Therefore, this study aims to assess the effectiveness of Kahoot in enhancing motivation

and academic achievement among 10th-grade mathematics students. Through an in-depth

analysis of Kahoot’s impact on motivation and academic achievement, the research

addresses diminishing motivation and enhances the overall classroom environment.

The study holds theoretical significance by contributing to the existing literature on

e-learning and emphasizing the potential of the Kahoot application in enhancing student

motivation and academic achievement. Additionally, it presents a model for effectively

utilizing Kahoot in educational settings (Alawadhi & Abu-Ayyash, 2021; Minton & Bligh,

2021). As the first study within the UAE Ministry of Education, it adds valuable expertise

to the region’s educational technology and e-learning field. From a practical perspective,

the study advocates for integrating modern technological applications like Kahoot into

education, emphasizing their role as effective teaching tools to increase motivation,

improve academic achievement, and enhance classroom participation.

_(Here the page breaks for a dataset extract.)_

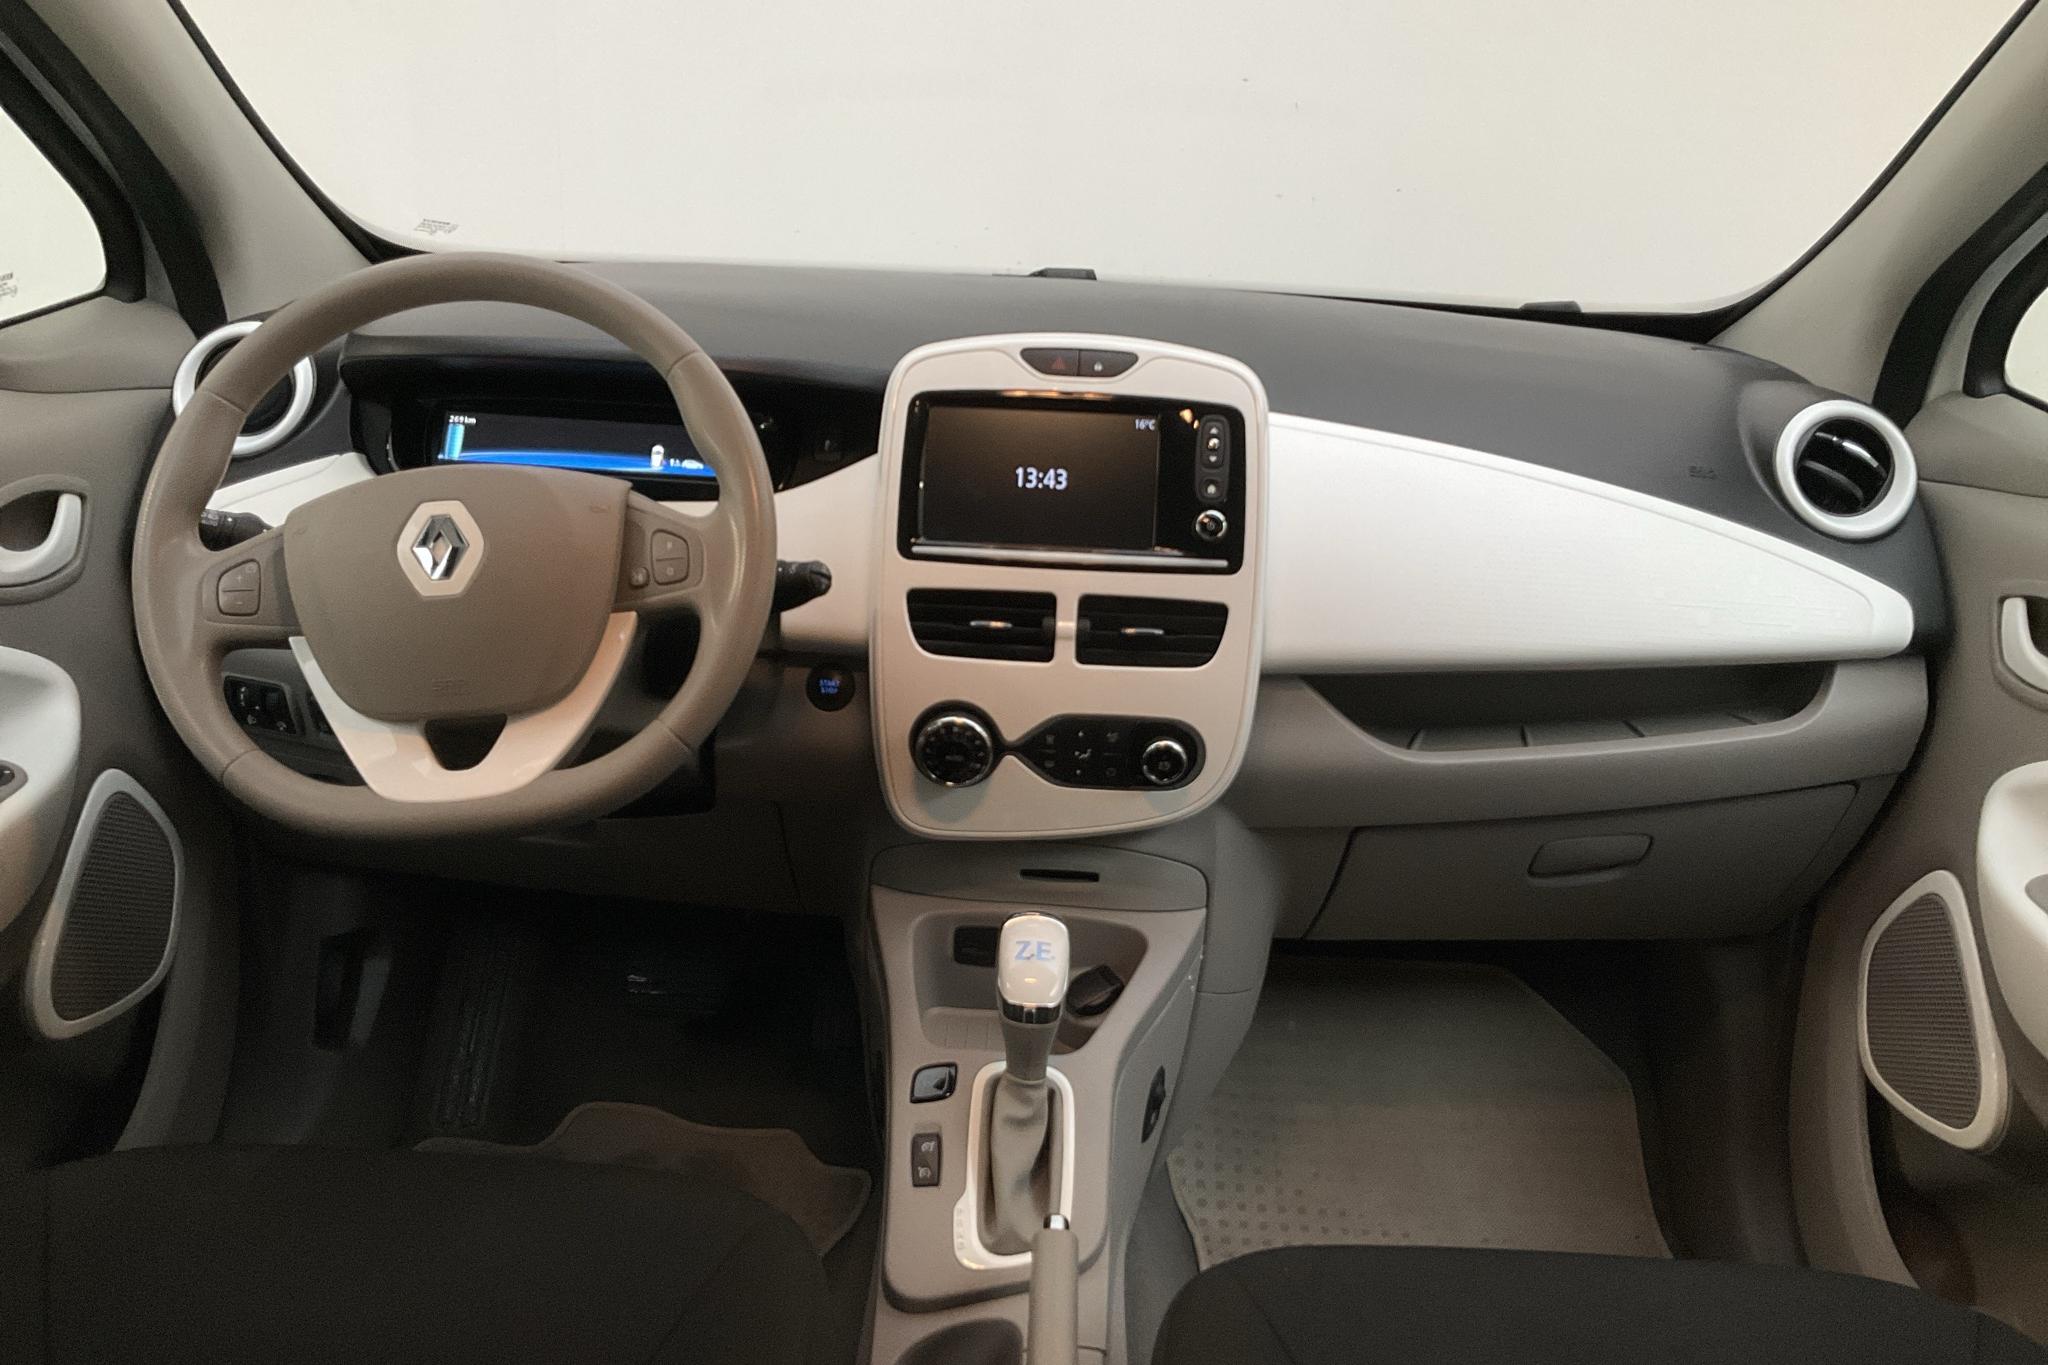 Renault Zoe 41 kWh R90 (92hk) - 39 050 km - Automatic - white - 2018

The findings can

potentially influence educational practices in Abu Dhabi Emirate schools and beyond,

guiding educators in utilizing technology to promote student engagement and learning

success.

Research questions

The following research questions guided the investigation, providing a clear framework for

the study’s objectives and outcomes:

1.

What is the influence of utilizing the Kahoot application on enhancing the

motivation of 10th-grade students in mathematics within Abu Dhabi Emirate schools?

2.

How does integrating the Kahoot application enhance academic achievement in

mathematics among 10th-grade students within the Emirate of Abu Dhabi?

Literature review

Gamification and Kahoot as educational tools

Research into gamification in education has predominantly focused on university and high

school students, uncovering heightened levels of interest, engagement, motivation, and the

advancement of critical thinking and multitasking skills (Ding et al., 2018; Muntean, 2011).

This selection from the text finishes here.